A “Fat Pantry Mouse” is simply a reminder of the blessing of a full pantry. If you have enough food to share with a mouse, and if that mouse is, indeed, fat, then your household isn’t going hungry. I love this idea. I first made a fat pantry mouse with the ladies in the Stanley Homemaker’s Club and I’ve kept one in my cupboard ever since. Every time I open the cupboard and see it peeking at me, or, if I have to move it from can to can, I recognize the blessing of a full cupboard. Because I can remember the times in our marriage when we didn’t have much food, I feel very grateful. I certainly want Miss Abigail to have a fat pantry mouse in her hope chest.
Gratitude reminders are important, I think, as it seems so easy to forget where your blessings come from. You may want to make a fat mouse for your pantry. If so, each time you see it, take a moment to offer a quick prayer for the blessing of having enough food to eat.
You’ll need half a package of Sculpey clay, a short (about 3-inch) length of shoelace leather, and three small, black glass beads. (These were size 6/0 seed beads) A toothpick will also come in handy. Other materials could be used; fabric, felt or even a different kind of clay.
Soften the clay and pinch off two small pieces for the ears. Roll everything into a ball.
Roll one side of the body ball until is forms a fat cone shape.
Pinch and form a nice “nose” at the end of the cone.
Place the rounded end of the body on the table with the nose up. You can decide how much tilt you want for the nose of your mouse, but you don’t want the nose too far in the air.
Push down slightly on the body to make a flat bottom. This flat part makes the mouse stable in your cupboard, so make a nice wide bottom.
Push a bead into the end of the nose. You may have to adjust and form the clay around it a bit. Place the eyes just above the nose and push them into the clay also.
Flatten the small balls to make two ears, form them and attach them to the head, behind the eyes.
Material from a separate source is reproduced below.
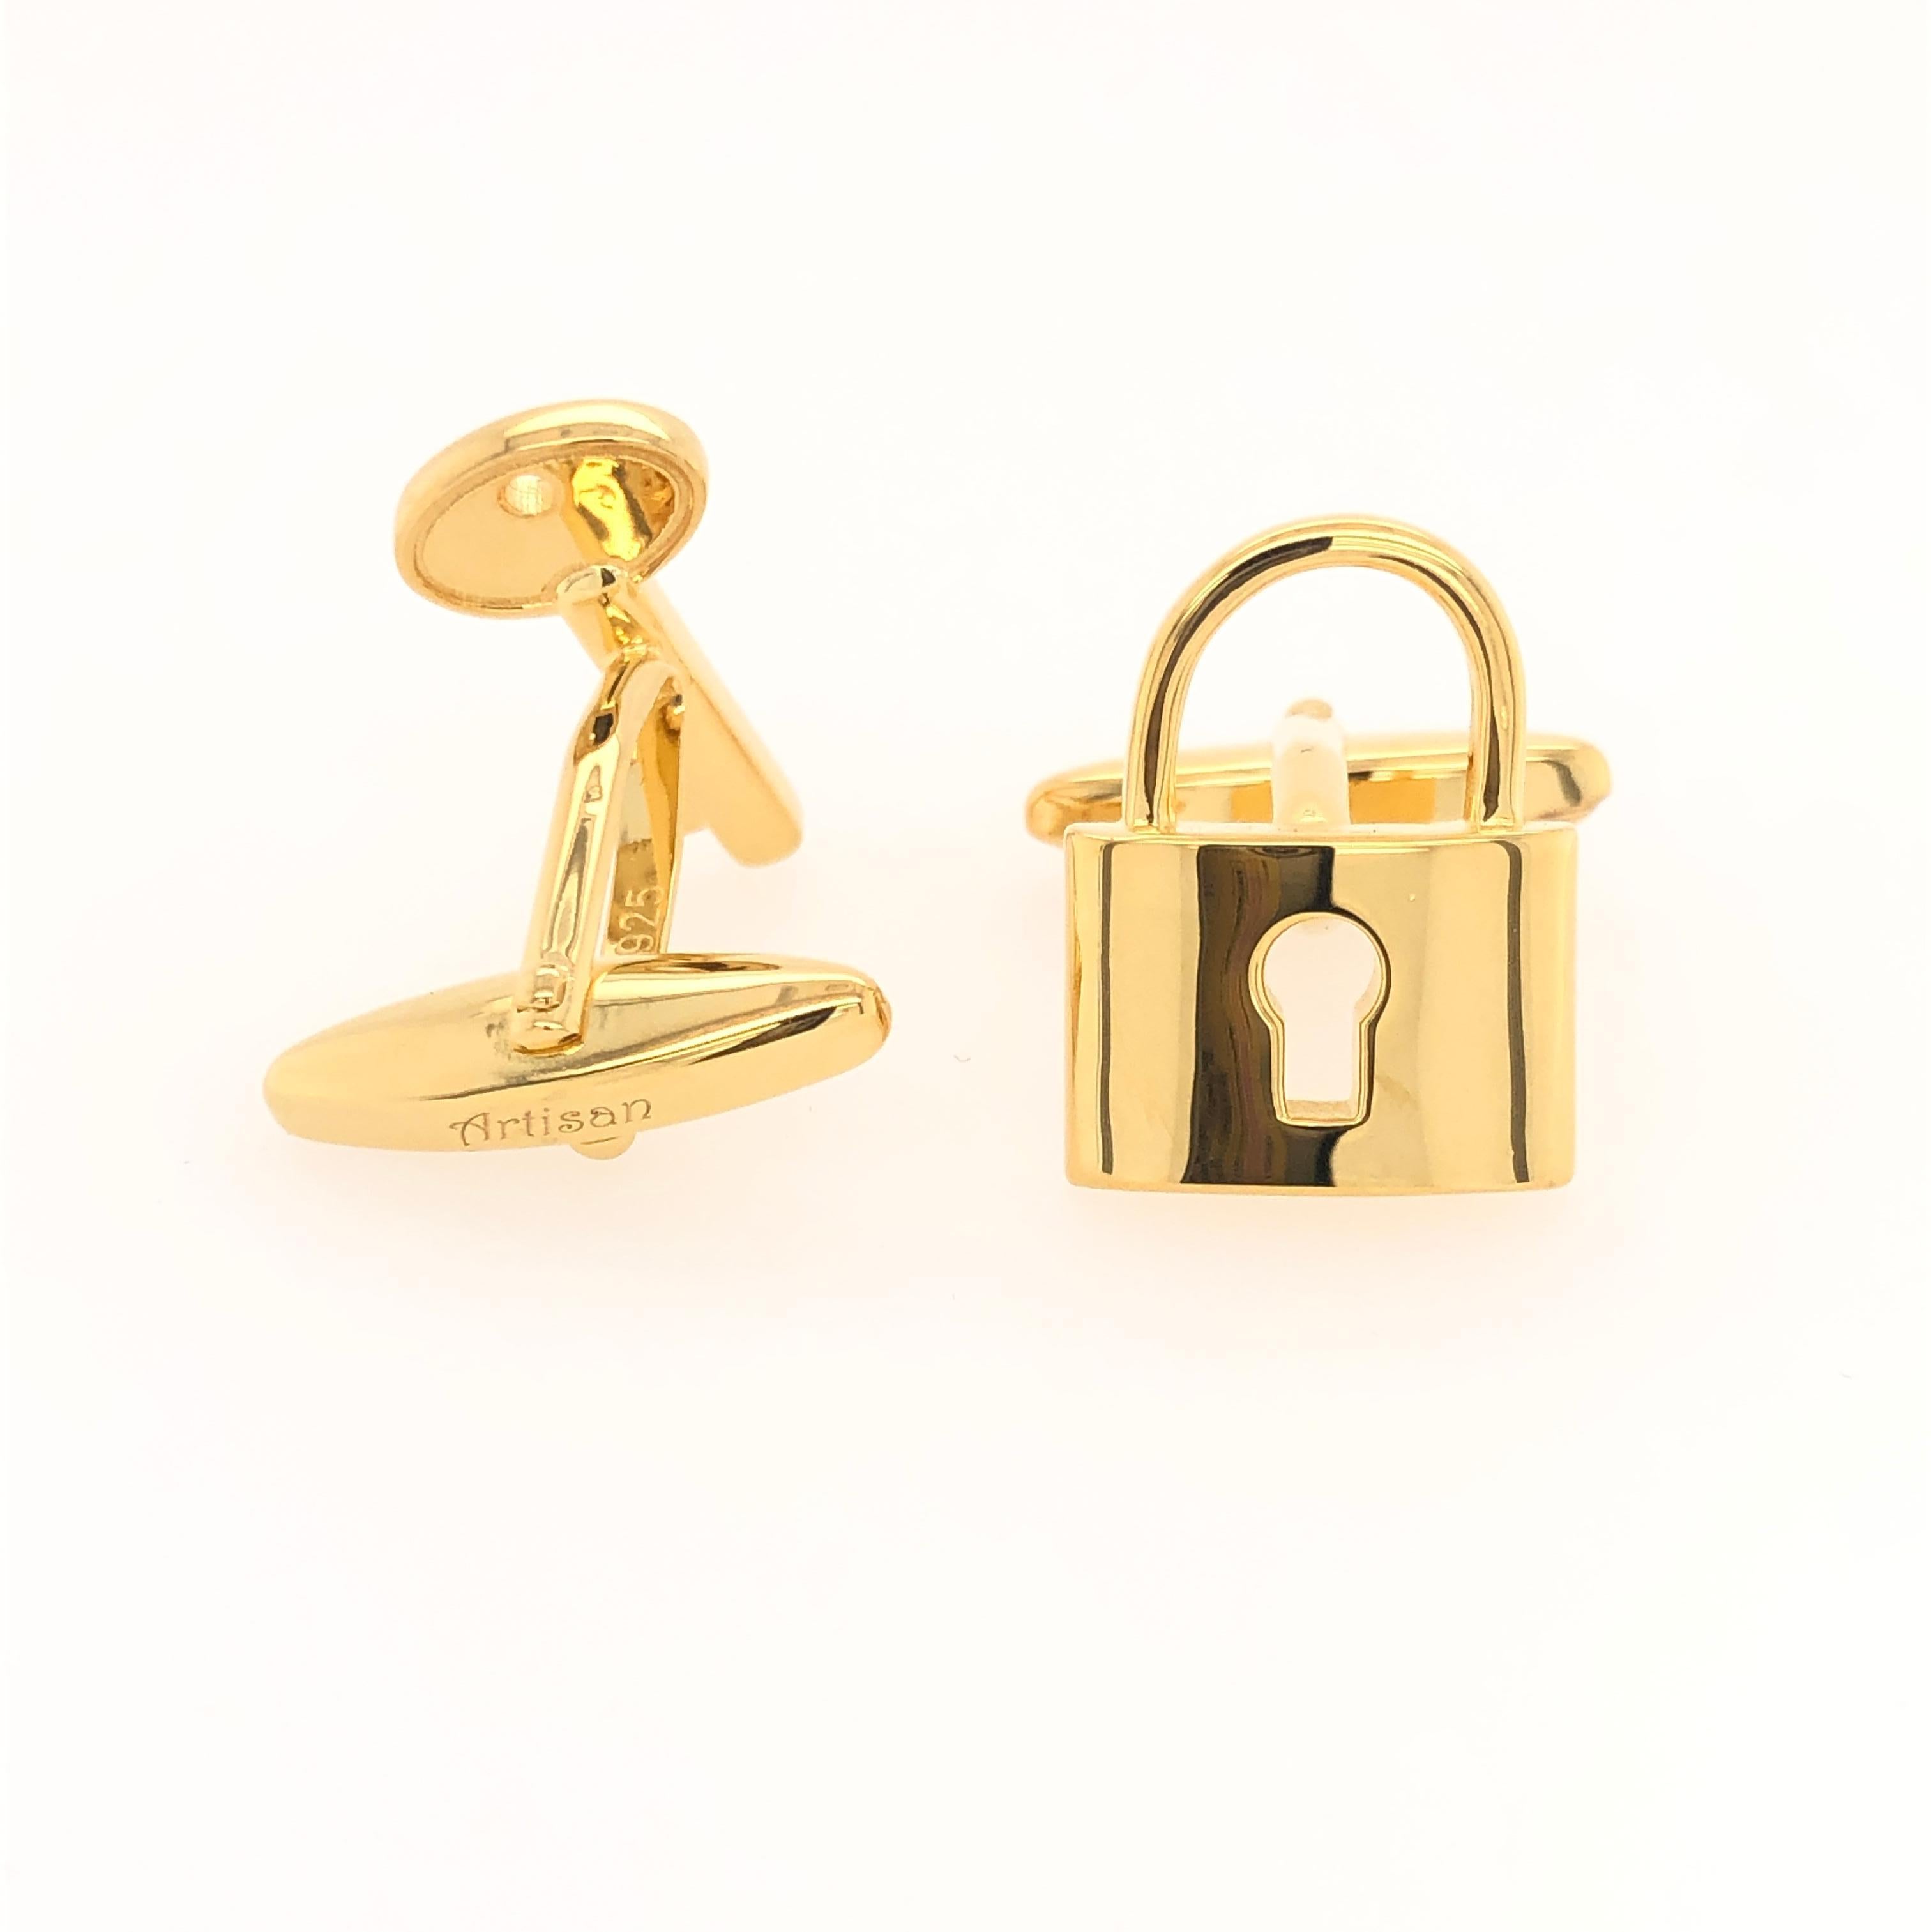 18K gold plated Silver lock and key men's cuff link.

Silver: 10.60 gms

This is the hardest part. Smooth down the clay as well as you can. If your little mouse falls off a can, you don’t want the ears to break right off, so attach them well.
Abigail wanted eyelashes on this mouse, because she is a girl mouse. You could add these, carefully, with a toothpick. Just an impression will work best.
Finally, use the toothpick to start a hole for the tail at the base of the body. Then, push the leather into the hole and smooth the clay around it.
There, she’s finished and ready to be baked. Isn’t she cute?
Place the mouse on a metal pie pan or a piece of foil and bake in a slow oven. I baked this one at 250 degrees Fahrenheit, for 30 minutes.
Finally, put the mouse in your pantry and allow it to help you cultivate a grateful heart.